When I unpack that, the array of ints I get is [16777216, 16777216, 0, 0]
. 当我打开
[16777216, 16777216, 0, 0]
得到的整数数组是[16777216, 16777216, 0, 0]
。 Obviously I'm doing something wrong, and I'm hoping someone can point me in the right direction. 显然我做错了事,希望有人能指出我正确的方向。

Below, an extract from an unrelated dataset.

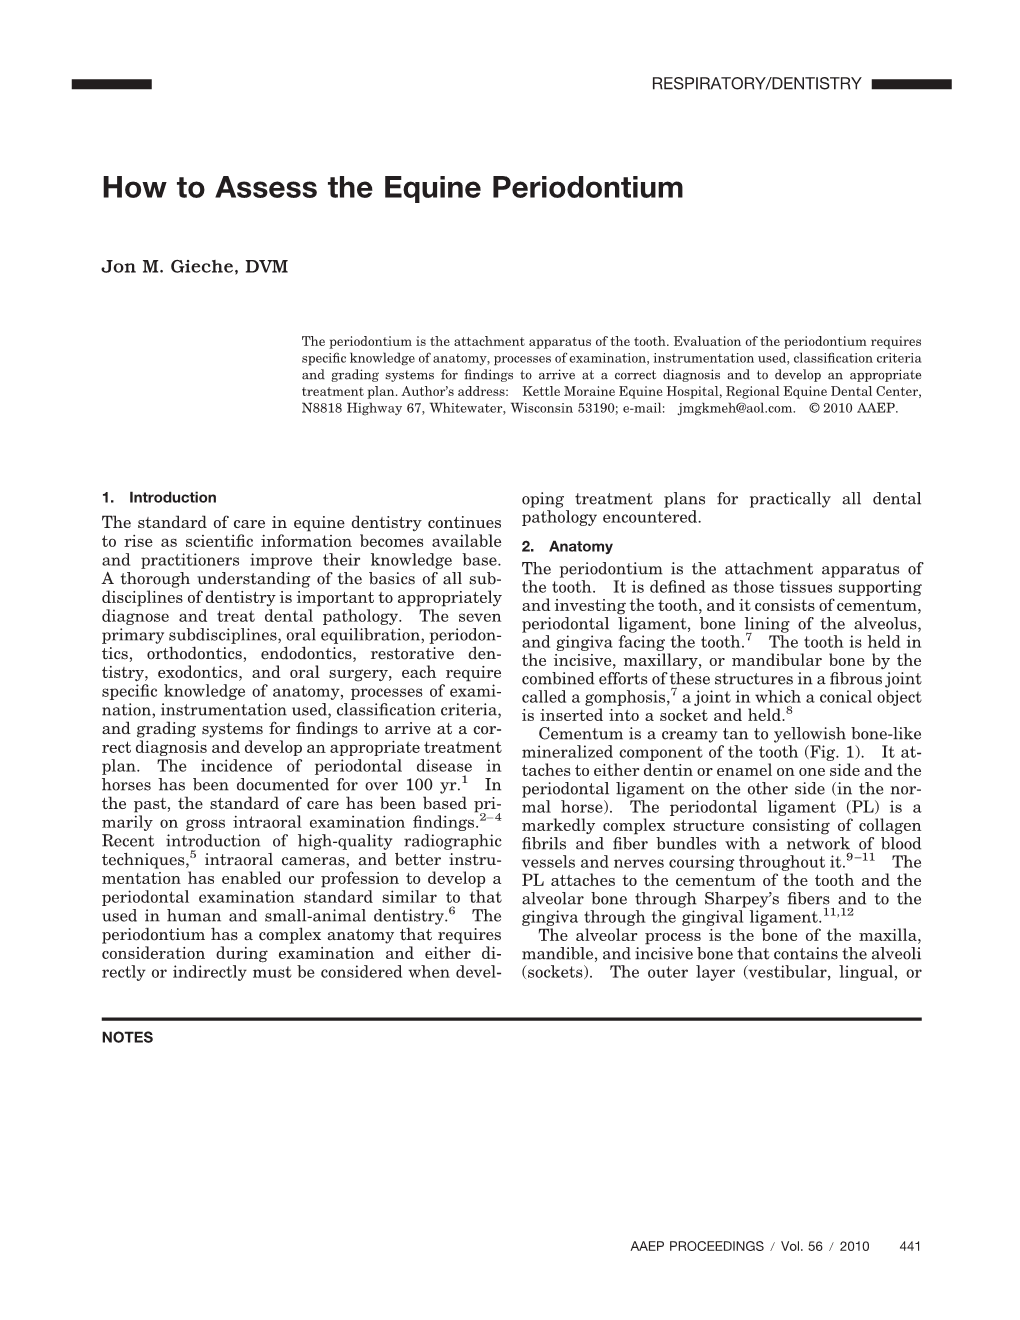 How to Assess the Equine Periodontium

iOS is little-endian, so the least significant byte of a 4-byte integer comes first. iOS是低位字节序,因此4字节整数的最低有效字节排在第一位。
Java ByteBuffer
defaults to big-endian , so the opposite applies. Java
ByteBuffer
默认为big-endian ,因此情况相反。
The initial order of a byte buffer is always BIG_ENDIAN
字节缓冲区的初始顺序始终为BIG_ENDIAN
You can change this with 您可以使用
bytes.order(ByteOrder.LITTLE_ENDIAN);
What you want is: 您想要的是:
ByteBuffer bytes = ByteBuffer.allocate(16);
bytes.putInt(16777216);
bytes.putInt(16777216);
bytes.putInt(0);
bytes.putInt(0);
String byteString = new String(bytes.array());
The endianness of the platforms are different, so when you put 4 bytes in, the bytes are reversed. 平台的字节顺序不同,因此当您放入4个字节时,这些字节将反转。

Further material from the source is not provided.